The CDL data for the Bear Lake watershed is reclassified before simulation.

# Define the values that represent our classes of interest
non_ag <- c(61:65, 81:83, 87:88, 92, 111:112, 121:124, 131, 141:143, 152, 176, 181, 190, 195)
alfalfa <- c(36:37)
major_ag <- c(1, 2, 5, 12, 13, 22:24, 26, 225:226, 228, 234, 236, 238:241, 254)
all_numbers <- 1:256
ag <- setdiff(all_numbers, c(non_ag, alfalfa, major_ag))

# reclassify into background = 0, major-ag = 1, alfalfa = 2, non-ag = 3, ag = 4
cdl_reclass <- terra::app(bl_raster, fun = function(x) {
  ifelse(is.na(x), 0,
         ifelse(x %in% major_ag, 1,
                ifelse(x %in% alfalfa, 2,
                       ifelse(x %in% non_ag, 3, 4)
                )
         )
  )
})
terra::plot(cdl_reclass, axes = FALSE, main = "Reclassified Landscape")

# Get the USDA NASS confusion matrix for Utah in 2008
trans_mat_08 <- readRDS(system.file("extdata/trans_mat_08.rds", 
                                    package = "cdlsim"))
print(trans_mat_08)
#>   0          1          2          3          4
#> 0 1 0.00000000 0.00000000 0.00000000 0.00000000
#> 1 0 0.93011768 0.01303862 0.04198174 0.01486196
#> 2 0 0.03093508 0.83156145 0.08164135 0.05586211
#> 3 0 0.03422092 0.03652534 0.91287971 0.01637403
#> 4 0 0.04406338 0.03388917 0.02435344 0.89769401
# Simulate the Bear Lake watershed 5 times
set.seed(1891)

bl_sim <- simulate_raster_patch(original_raster = cdl_reclass,
                      transition_matrix = trans_mat_08,
                      non_trans = c(0), iterations = 5)
# look at the simulations
terra::plot(bl_sim)

# Calculate Simpson's Diversity on 100 simulations
bl_sidi <- landscapemetrics::lsm_l_sidi(bl_sim) |>
  dplyr::rename(sim_value = value)


# Calculate Shannon's and Simpson on the 1000 iter sims and og models
og_sidi <- landscapemetrics::lsm_l_sidi(cdl_reclass) |>
  dplyr::rename(og_value = value)


# combine the og and sim results into one dataframe
div_combo_bl <- dplyr::full_join(bl_sidi, og_sidi, dplyr::join_by(metric)) |>
  dplyr::select(metric, sim_value, og_value)

Compare the simulated Simpson’s Diversity Index values to the original landscape’s values.

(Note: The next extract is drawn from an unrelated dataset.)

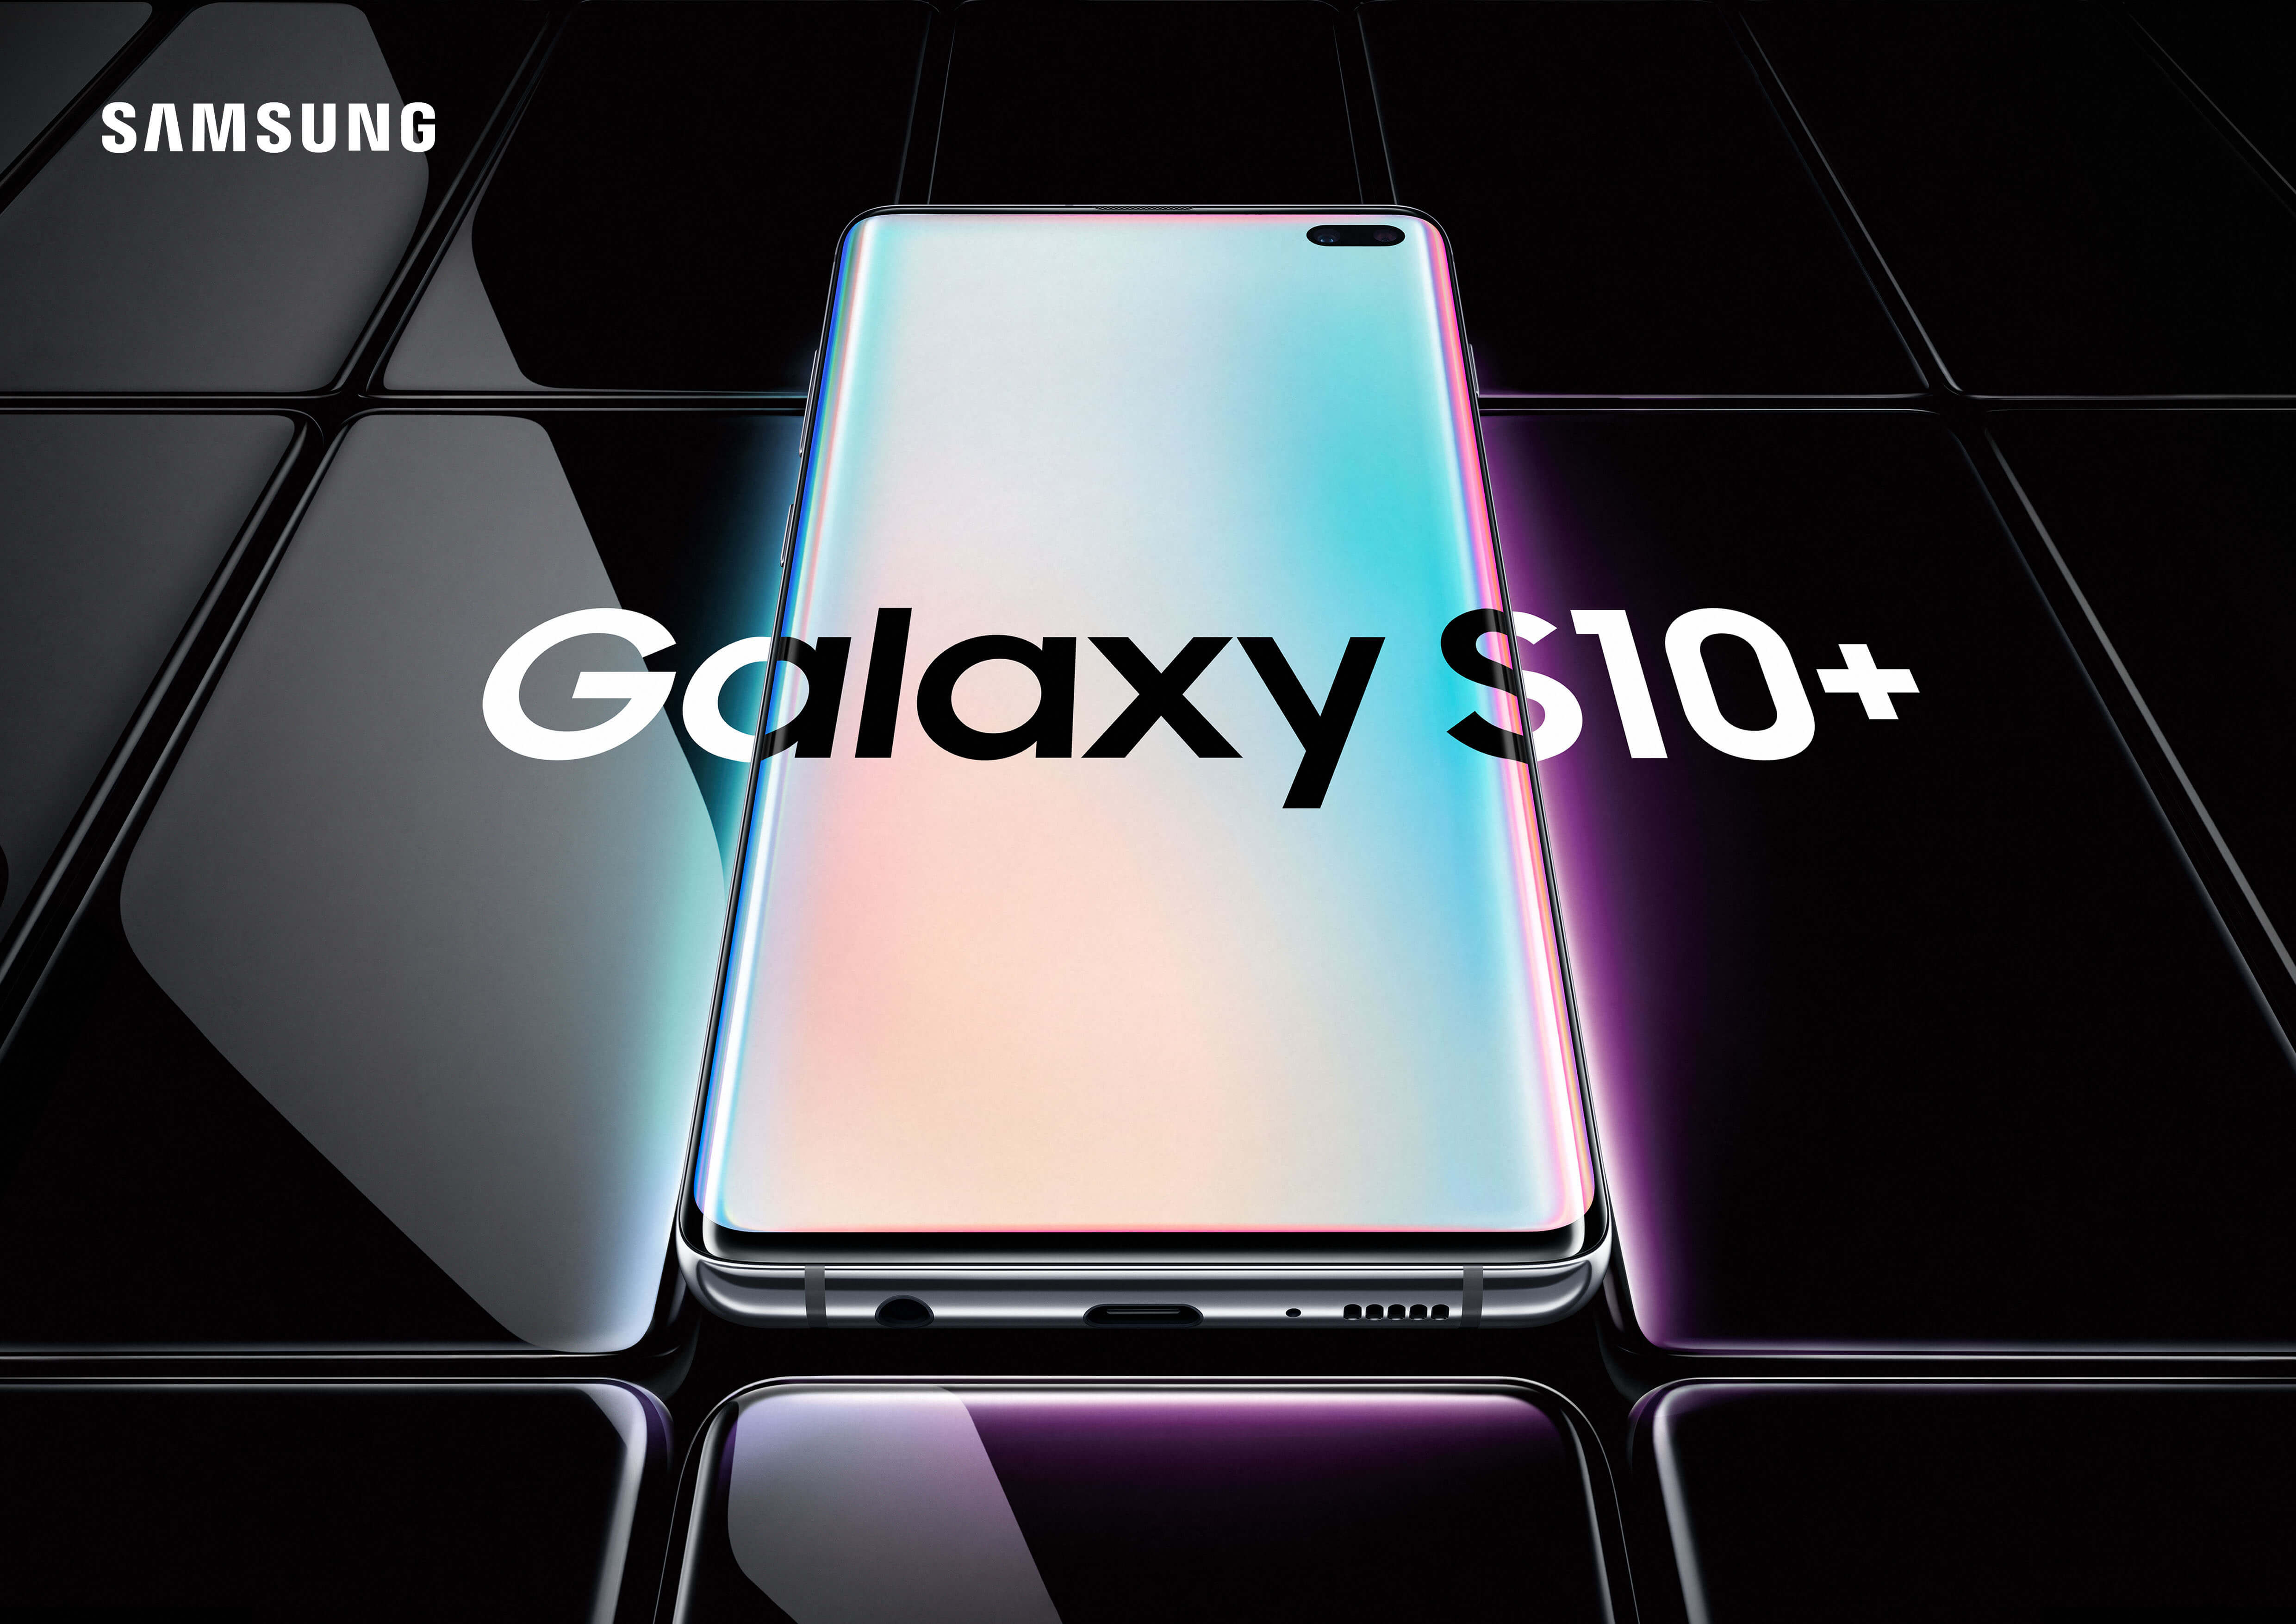 Why Samsung’s S10+ is the most powerful Android phone ever

# Print the tibble of the simulated versus original landscape values
print(div_combo_bl)
#> # A tibble: 5 × 3
#>   metric sim_value og_value
#>   <chr>      <dbl>    <dbl>
#> 1 sidi       0.558    0.559
#> 2 sidi       0.557    0.559
#> 3 sidi       0.557    0.559
#> 4 sidi       0.558    0.559
#> 5 sidi       0.558    0.559

The cdlsim package provides a flexible and intuitive framework for simulating classification uncertainty in USDA Cropland Data Layer products at the patch level. Through both a simple example and a real-world application in the Bear Lake watershed, we demonstrate how cdlsim can be used to evaluate the sensitivity of landscape metrics to random perturbations in classification. The package supports transition matrices that are either user-defined or derived from USDA NASS published confusion matrices, offering valuable tools for researchers aiming to assess the robustness of land use analyses under data uncertainty.